In mathematics, solving linear equations is a fundamental concept that helps us find the value of a variable in terms of another variable. In this article, we will focus on solving a simple linear equation and expressing y in terms of x. We will use the given equation: -x + y = 6, and solve for y in terms of x.

Understanding the Equation

The given equation is a linear equation in two variables, x and y. The equation is in the form of -x + y = 6, where -x is the coefficient of x, and y is the variable we want to solve for. The constant term on the right-hand side of the equation is 6.

Solving for y

To solve for y, we need to isolate y on one side of the equation. We can do this by adding x to both sides of the equation, which will eliminate the -x term. This will give us:

y = 6 + x

Expressing y in Terms of x

Now that we have solved for y, we can express y in terms of x. This means that we can write y as a function of x. In this case, y is equal to 6 plus x. We can write this as:

y = f(x) = 6 + x

Graphical Representation

To visualize the relationship between x and y, we can graph the equation y = 6 + x. The graph will be a straight line with a slope of 1 and a y-intercept of 6.

Interpretation

The equation y = 6 + x tells us that for every value of x, there is a corresponding value of y. The value of y is equal to 6 plus the value of x. This means that if we know the value of x, we can find the value of y by plugging x into the equation.

Example

Let's say we want to find the value of y when x = 2. We can plug x = 2 into the equation y = 6 + x to get:

y = 6 + 2
y = 8

Therefore, when x = 2, y = 8.

Conclusion

In this article, we solved a simple linear equation and expressed y in terms of x. We used the equation -x + y = 6 and solved for y by adding x to both sides of the equation. We then expressed y in terms of x as y = 6 + x. We also graphed the equation and interpreted the results. Finally, we provided an example of how to use the equation to find the value of y when x is given.

Key Takeaways

  • Solving linear equations is a fundamental concept in mathematics.
  • To solve for y, we need to isolate y on one side of the equation.
  • We can express y in terms of x by writing y as a function of x.
  • The equation y = 6 + x tells us that for every value of x, there is a corresponding value of y.
  • We can use the equation to find the value of y when x is given.

Further Reading

If you want to learn more about solving linear equations and expressing y in terms of x, I recommend checking out the following resources:

  • Khan Academy: Solving Linear Equations
  • Mathway: Solving Linear Equations
  • Wolfram Alpha: Solving Linear Equations

References

  • [1] "Algebra and Trigonometry" by Michael Sullivan
  • [2] "College Algebra" by James Stewart
  • [3] "Linear Algebra and Its Applications" by Gilbert Strang
    Solving Linear Equations: Q&A =============================

Introduction

In our previous article, we solved a simple linear equation and expressed y in terms of x. We also provided an example of how to use the equation to find the value of y when x is given. In this article, we will answer some frequently asked questions about solving linear equations and expressing y in terms of x.

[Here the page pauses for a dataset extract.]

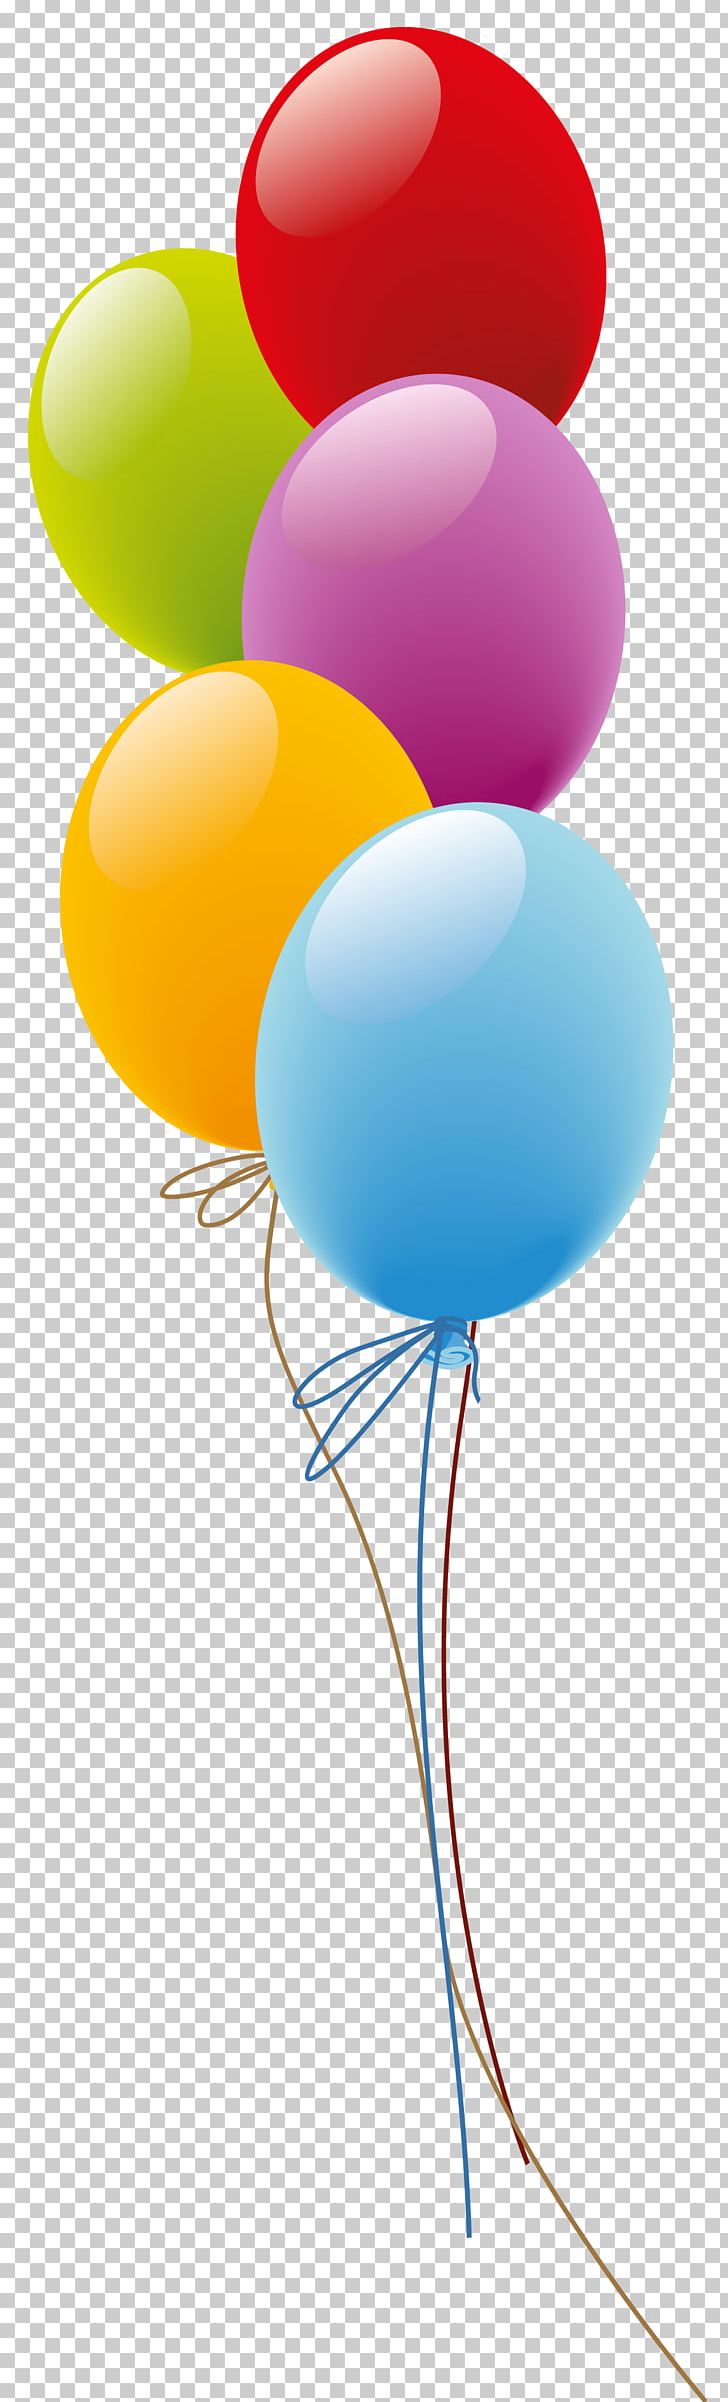 Balloon Birthday Gift Flower Delivery PNG, Clipart, Anniversary, Balloon, Balloons, Birthday, Birthday Cake Free PNG Download

Q: What is a linear equation?

A: A linear equation is an equation in which the highest power of the variable(s) is 1. In other words, it is an equation in which the variable(s) are not raised to a power greater than 1.

Q: How do I solve a linear equation?

A: To solve a linear equation, you need to isolate the variable on one side of the equation. You can do this by adding, subtracting, multiplying, or dividing both sides of the equation by the same value.

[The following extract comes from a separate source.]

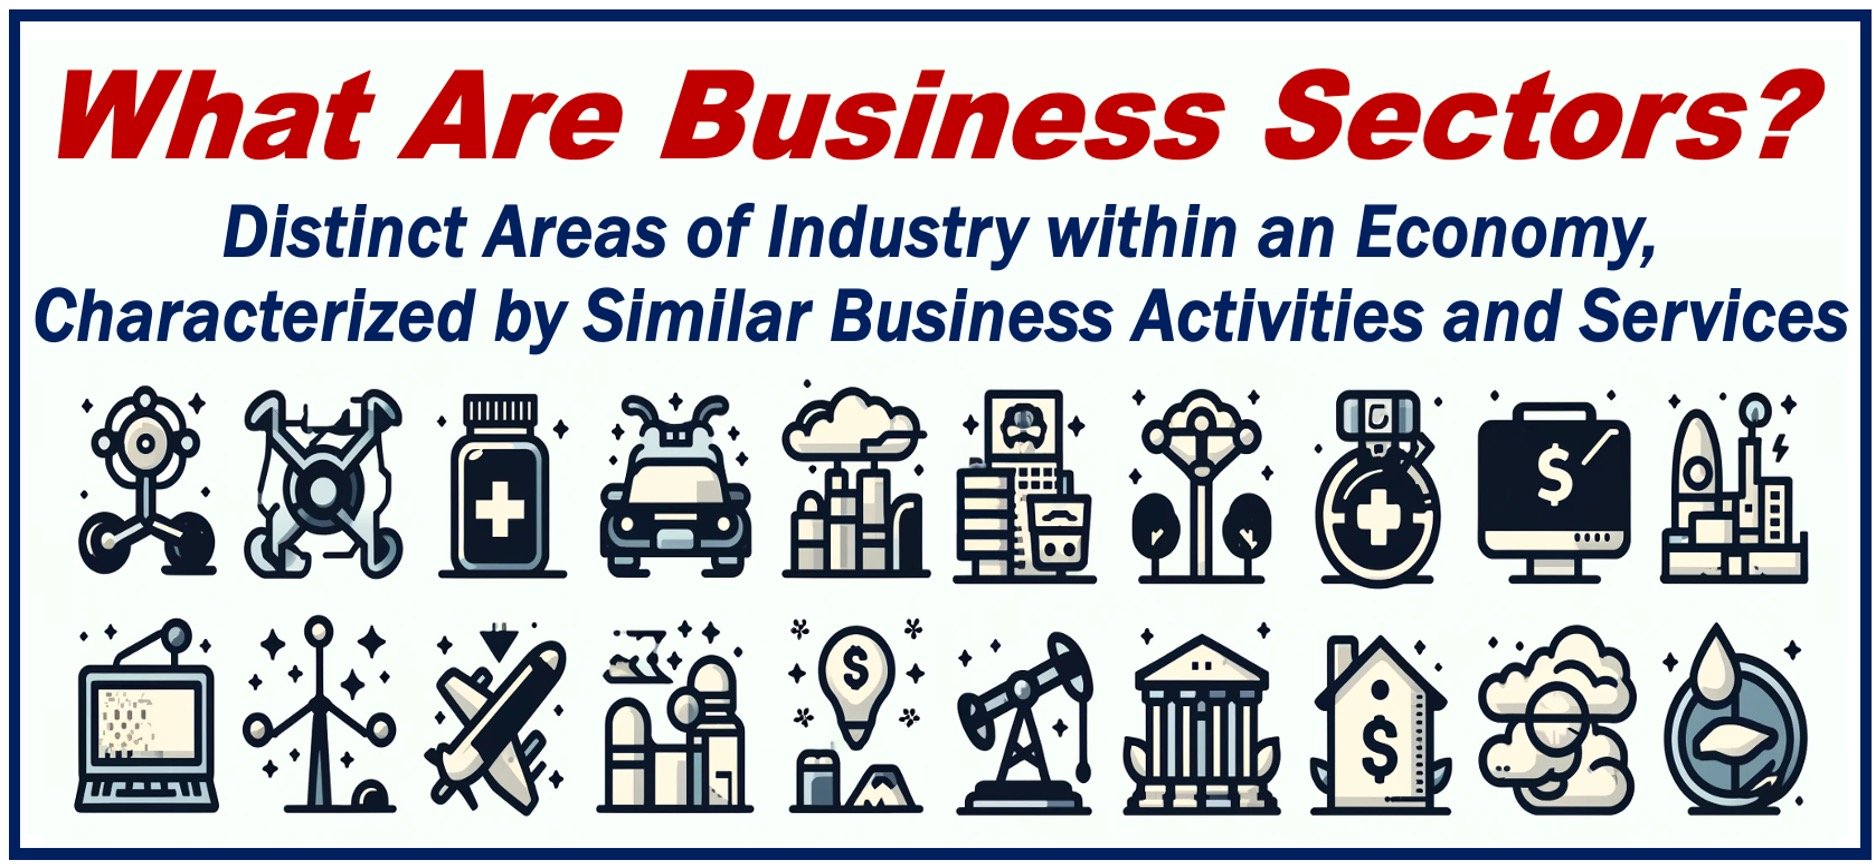 Many industry icons plus a definition of BUSINESS SECTORS.

Q: What is the difference between a linear equation and a quadratic equation?

A: A linear equation is an equation in which the highest power of the variable(s) is 1, while a quadratic equation is an equation in which the highest power of the variable(s) is 2.

Q: How do I express y in terms of x?

A: To express y in terms of x, you need to solve the equation for y. This means that you need to isolate y on one side of the equation.

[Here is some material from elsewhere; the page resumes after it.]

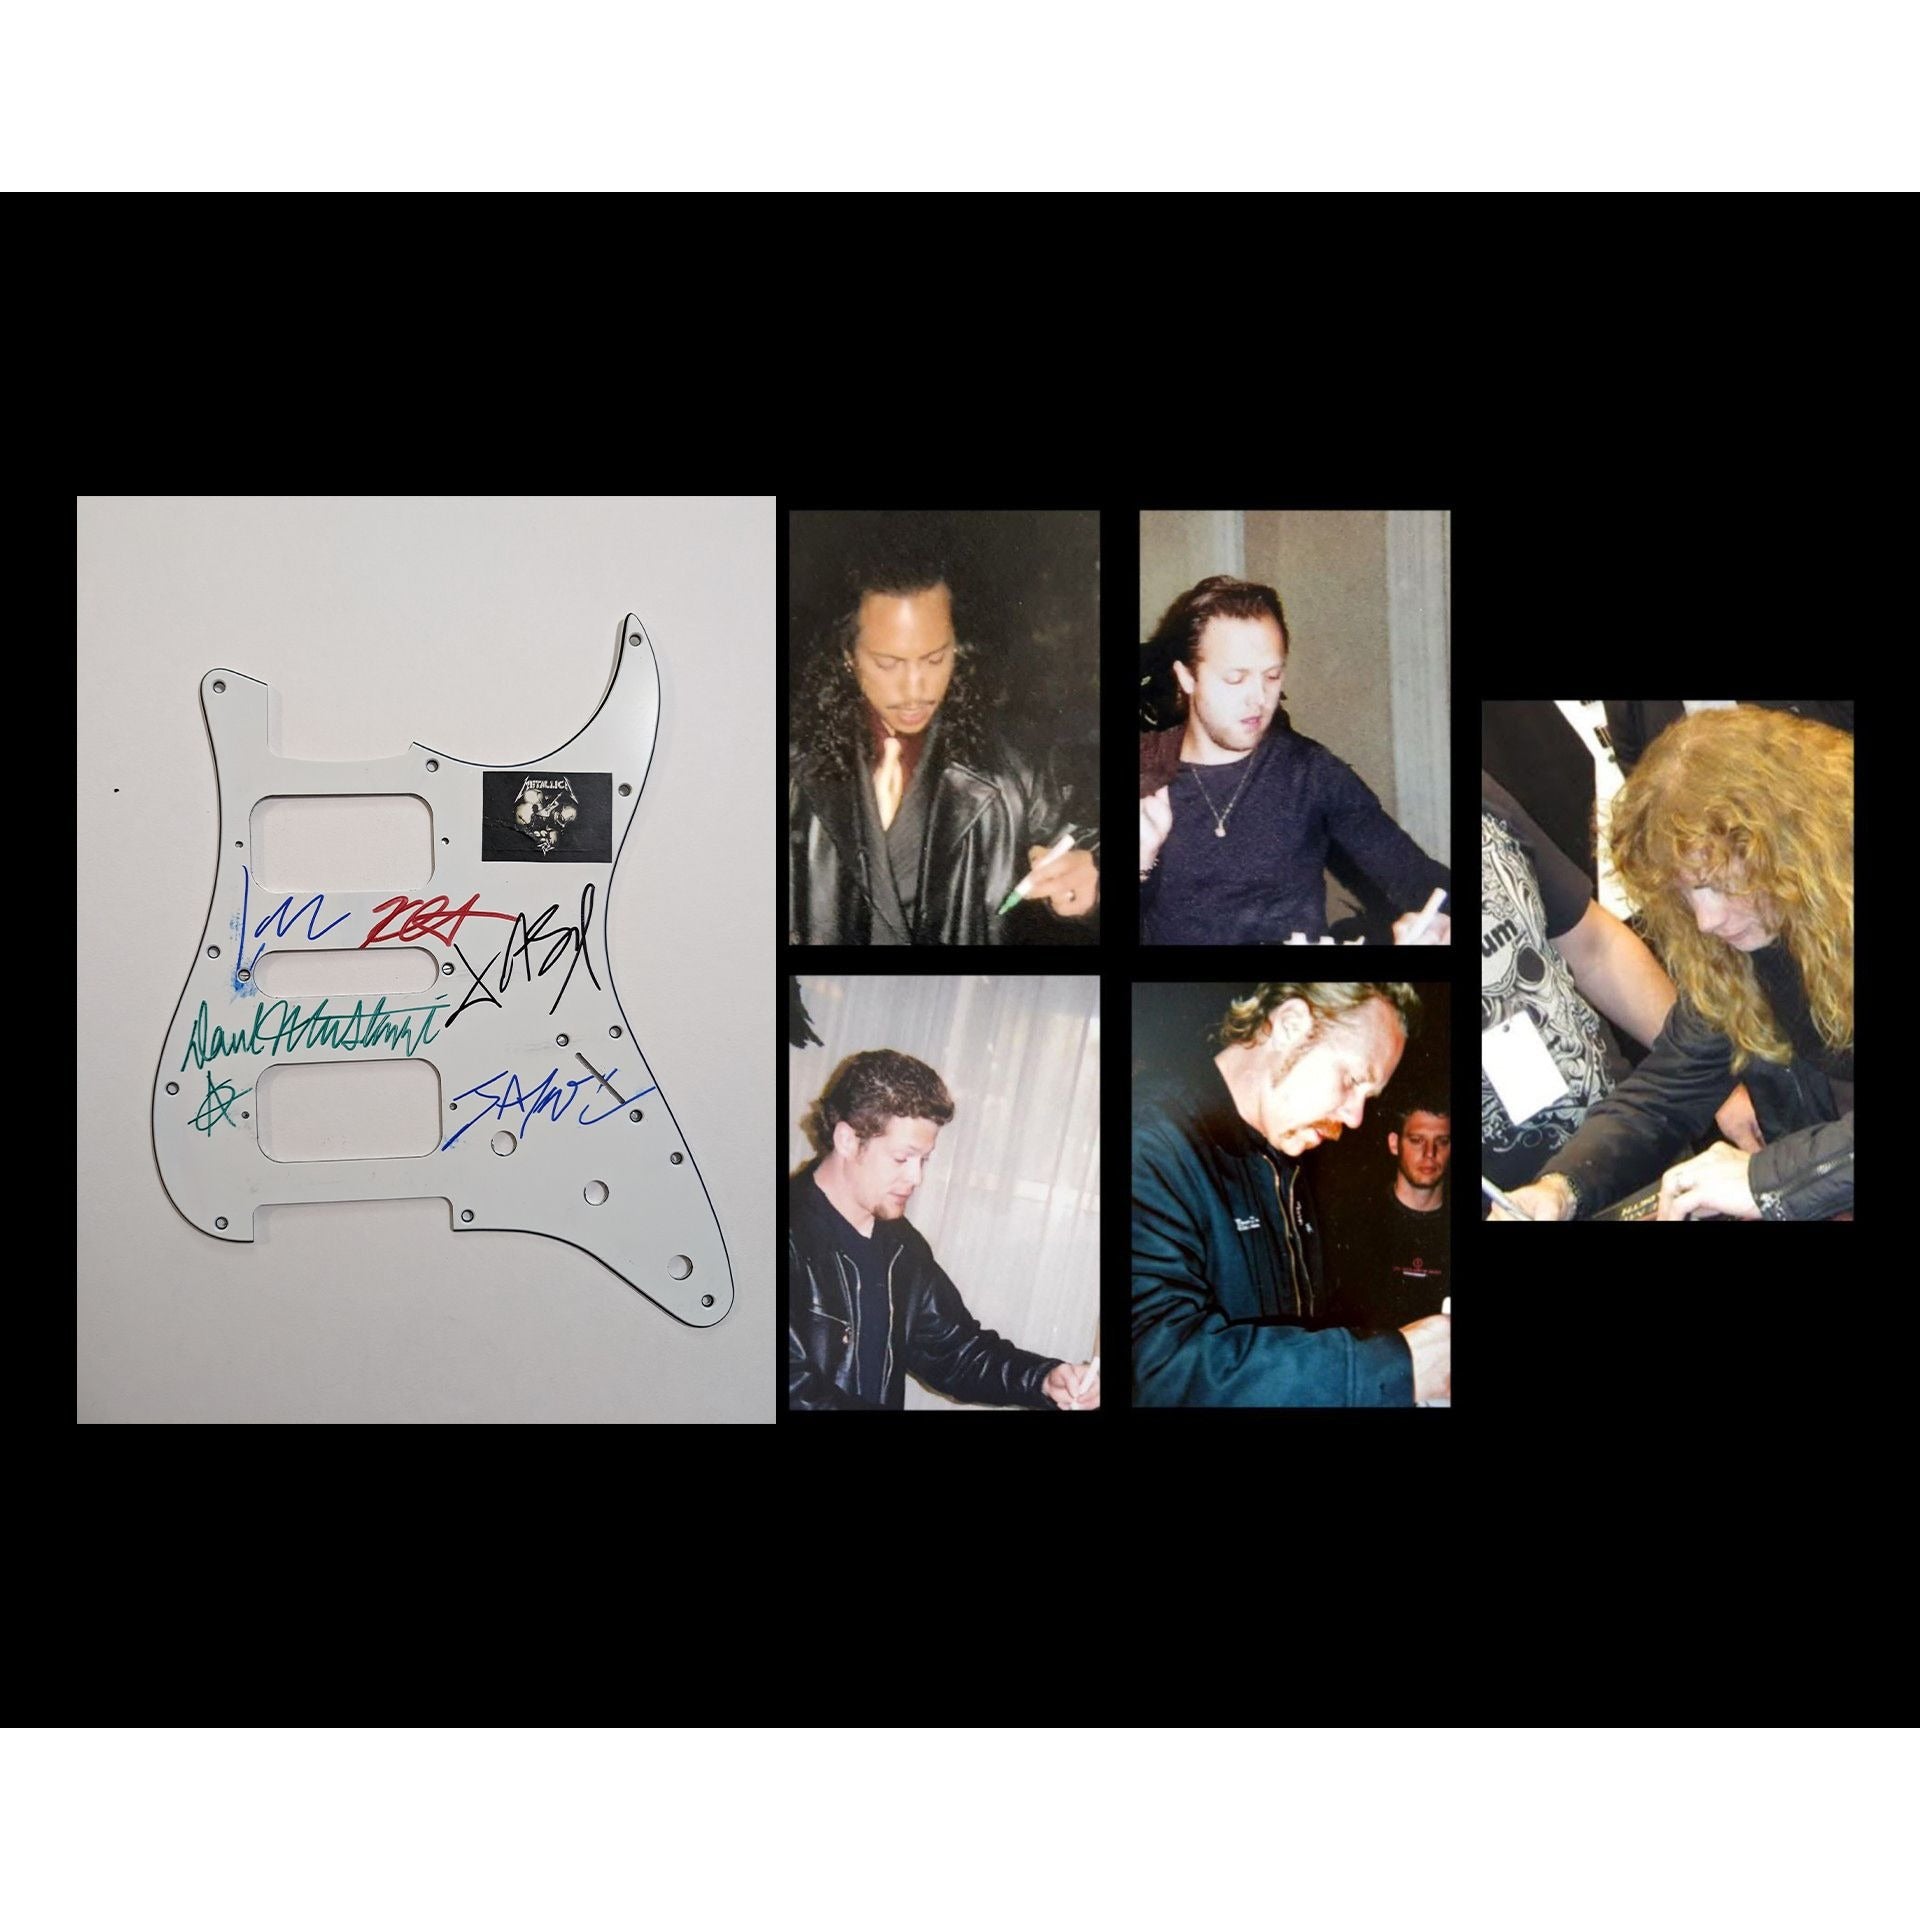 Metallica James Hetfield Kirk Hammett Jason Newsted Dave Mustaine Metallica Fender Stratocaster electric pickguard signed with proof

Q: What is the equation y = 6 + x?

A: The equation y = 6 + x is a linear equation in which y is expressed in terms of x. It tells us that for every value of x, there is a corresponding value of y.

Q: How do I graph the equation y = 6 + x?

A: To graph the equation y = 6 + x, you need to plot the points (x, y) that satisfy the equation. Since the equation is a linear equation, the graph will be a straight line with a slope of 1 and a y-intercept of 6.

Q: What is the slope of the graph of the equation y = 6 + x?

A: The slope of the graph of the equation y = 6 + x is 1. This means that for every 1 unit increase in x, there is a corresponding 1 unit increase in y.

Q: What is the y-intercept of the graph of the equation y = 6 + x?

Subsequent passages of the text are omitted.